# Dry Ice???



## jo (Jun 29, 2006)

Does anyone know where i can get dry ice from?

any info appreciated!


----------



## vikki_john (Jul 16, 2007)

Think some places on the net sell it . If you type it in google surley somewhere must have it available online.

Going for a fog effect or something ?


----------



## jo (Jun 29, 2006)

vikki_john said:


> Think some places on the net sell it . If you type it in google surley somewhere must have it available online.
> 
> Going for a fog effect or something ?


just found some links thanks and no its for killing rats(sorry)
We tried the bicarbaniate soda & viniger but couldnt get it to work and i cant seem to find any local places that sell a co2 bottle and read up somewhere you can use dryice so i thought id give it a go.


----------



## vikki_john (Jul 16, 2007)

I didn't ask if it was for killing rats ?

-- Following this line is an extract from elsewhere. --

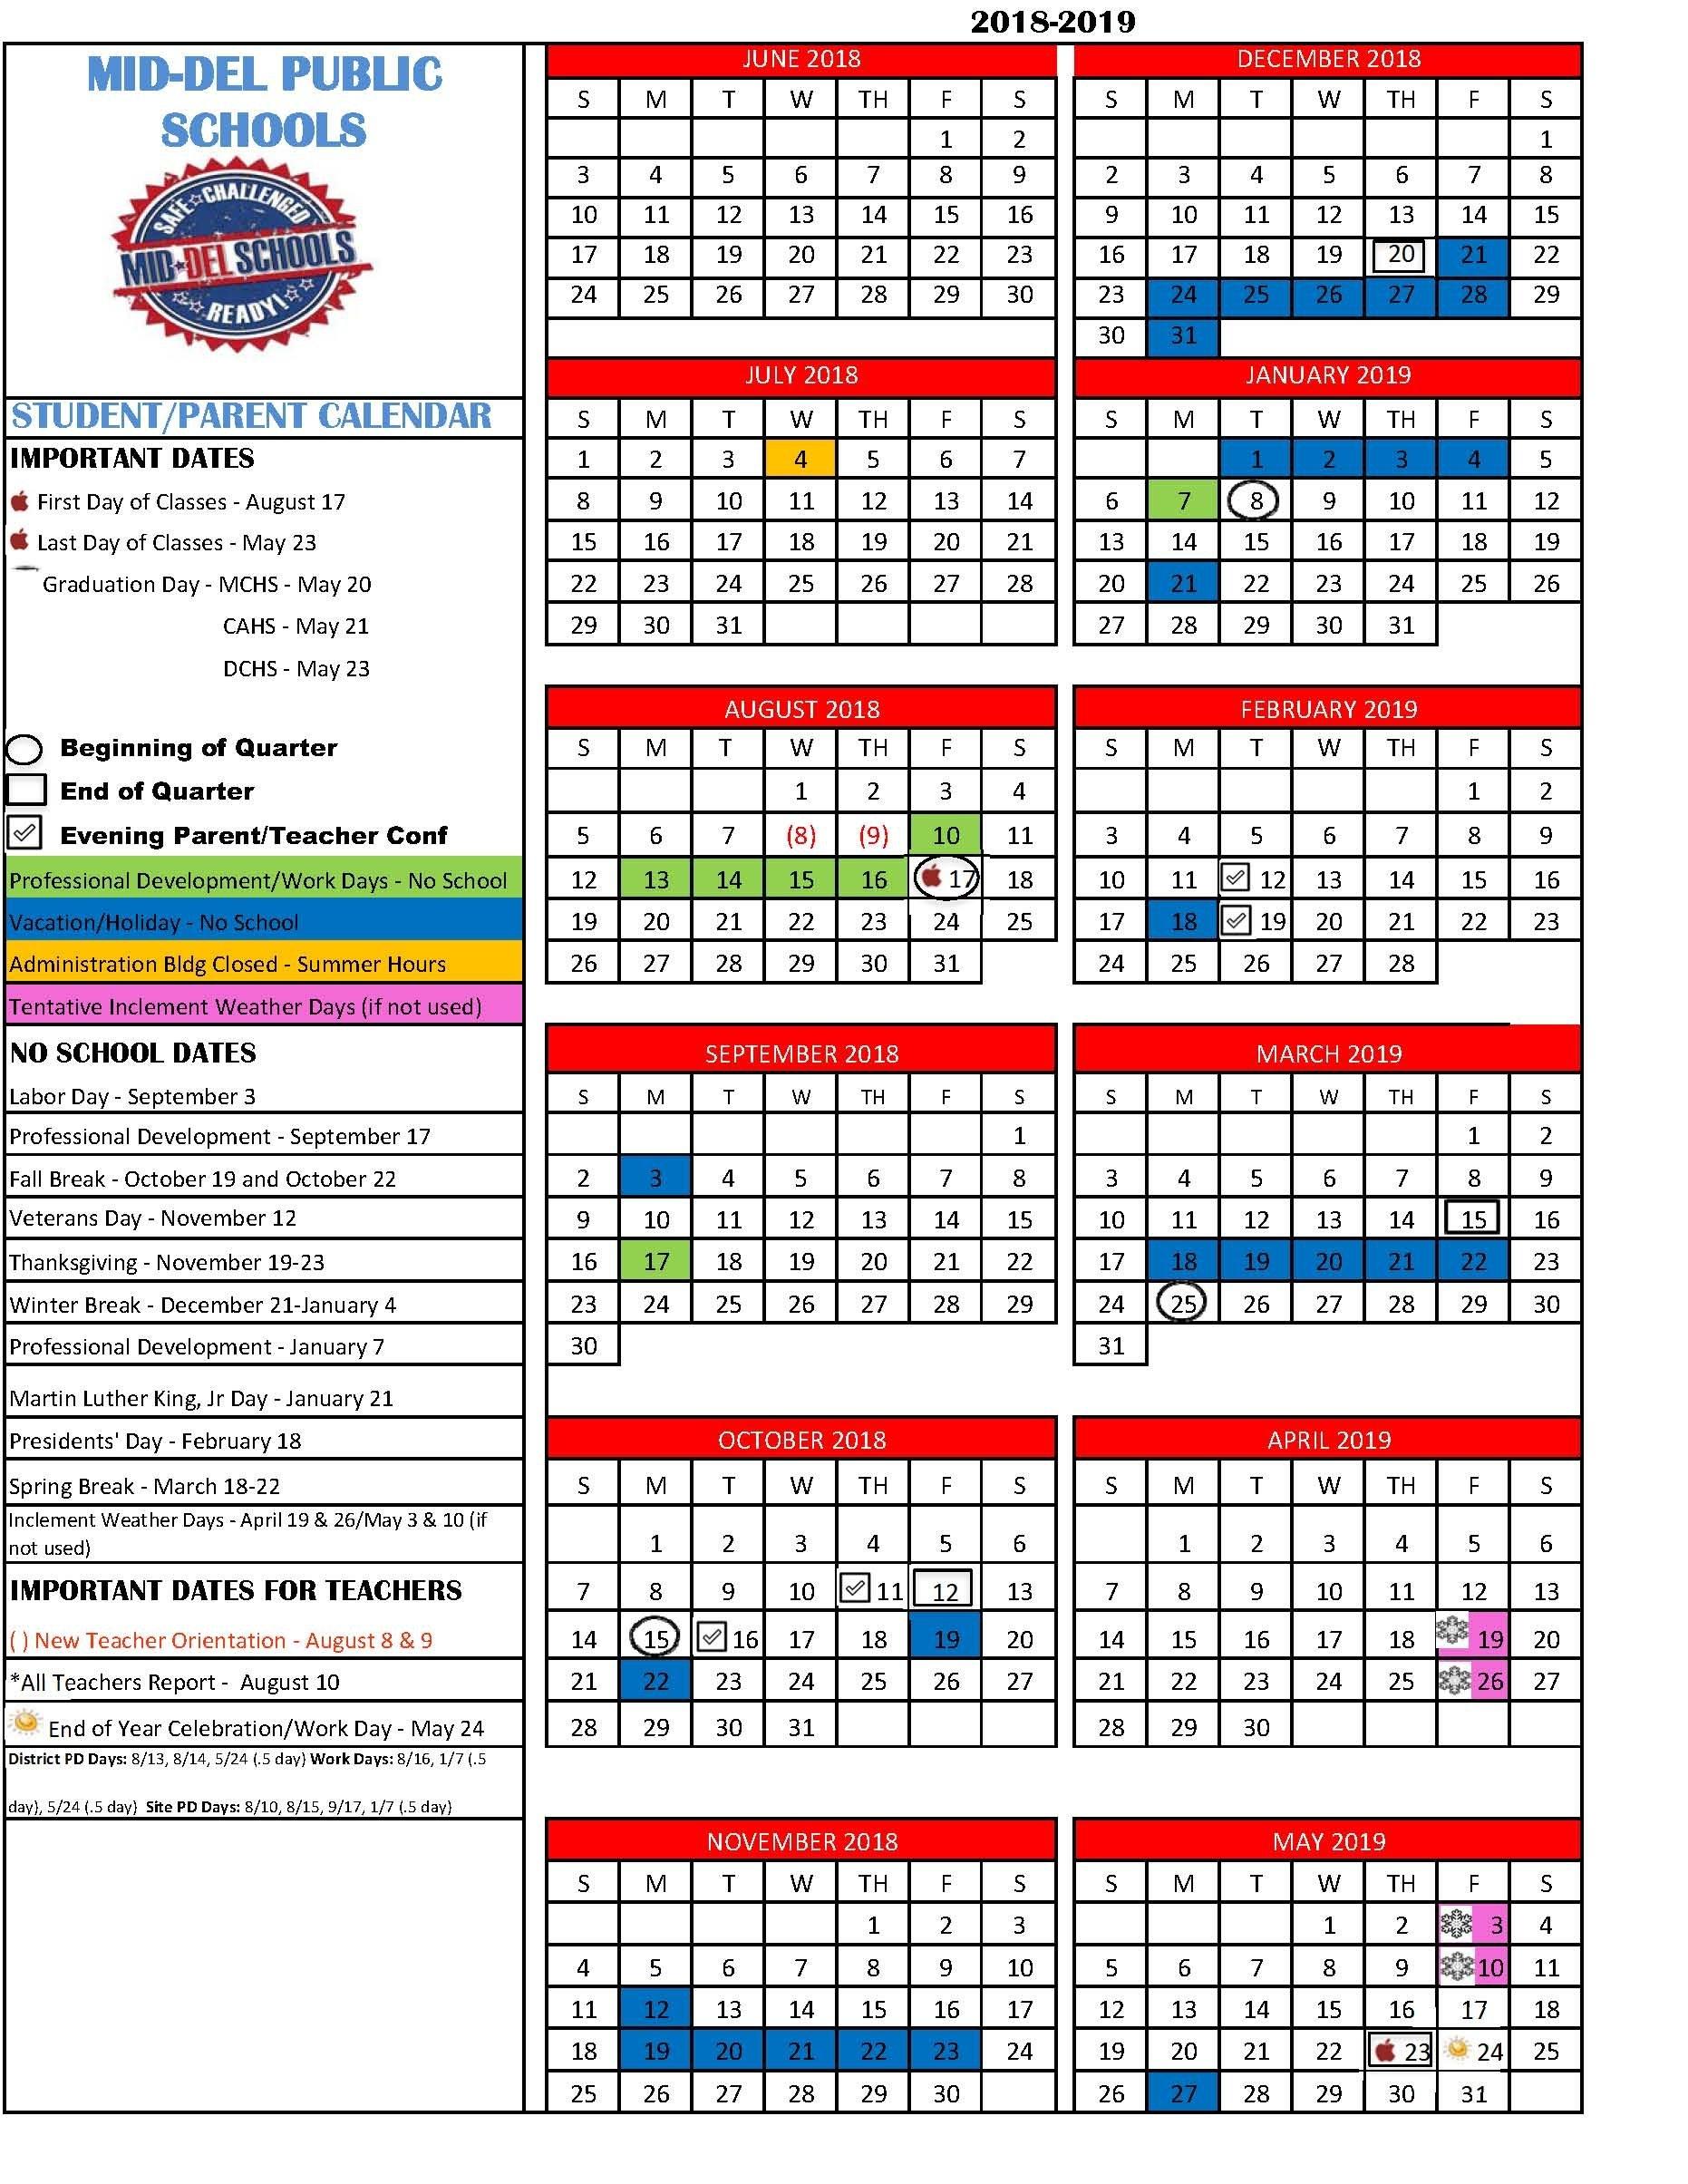 Mid-Del School District Calendar 2019-19

I was just wondering if you was using it to make a fog effect as that is one of the purposes of dry ice .


----------



## jo (Jun 29, 2006)

thats why i replied what its for, not for a fog/mist effect, bet that looks cool tho if it was used for that.
All sorted now thankyou


----------



## Doodles (Aug 4, 2007)

any local halfords sells co2 bottles. look in the welding section


----------



## jo (Jun 29, 2006)

Doodles said:


> any local halfords sells co2 bottles. look in the welding section


 
Oh thank you. I didnt think of looking there lol

Off to halfords tomoz then!!!


----------



## Reptilover (Jan 15, 2007)

Found this if it helps ....

Dry Ice Supply

: victory:


----------



## ukgeckos (Apr 11, 2007)

please dont think you can use dry ice for a fog effect in vivs vikki as it will simply kill everything in the viv. just incase you had a brainwave : victory:


----------



## Johelian (Nov 25, 2006)

ukgeckos said:


> please dont think you can use dry ice for a fog effect in vivs vikki as it will simply kill everything in the viv. just incase you had a brainwave : victory:


Lol 

I cant bring myself to kill them...I am far too much of a wus. I think I would turn the gas off halfway through and try and save them all. Sigh. Thats why I never bred my own rats and mice.


----------



## vikki_john (Jul 16, 2007)

ukgeckos said:


> please dont think you can use dry ice for a fog effect in vivs vikki as it will simply kill everything in the viv. just incase you had a brainwave : victory:


 

Nah lol i just ment in general.


----------



## paulibabes (Jan 6, 2008)

vikki_john said:


> I didn't ask if it was for killing rats ?
> 
> I was just wondering if you was using it to make a fog effect as that is one of the purposes of dry ice .


you mean using it for a fog effect in a viv with a gecko or frog in it? because wudn't that kill it?


----------



## vikki_john (Jul 16, 2007)

no not in a viv lol

i ment a fog effect at some party set up.


----------



## paulibabes (Jan 6, 2008)

ok fair doos: victory:


----------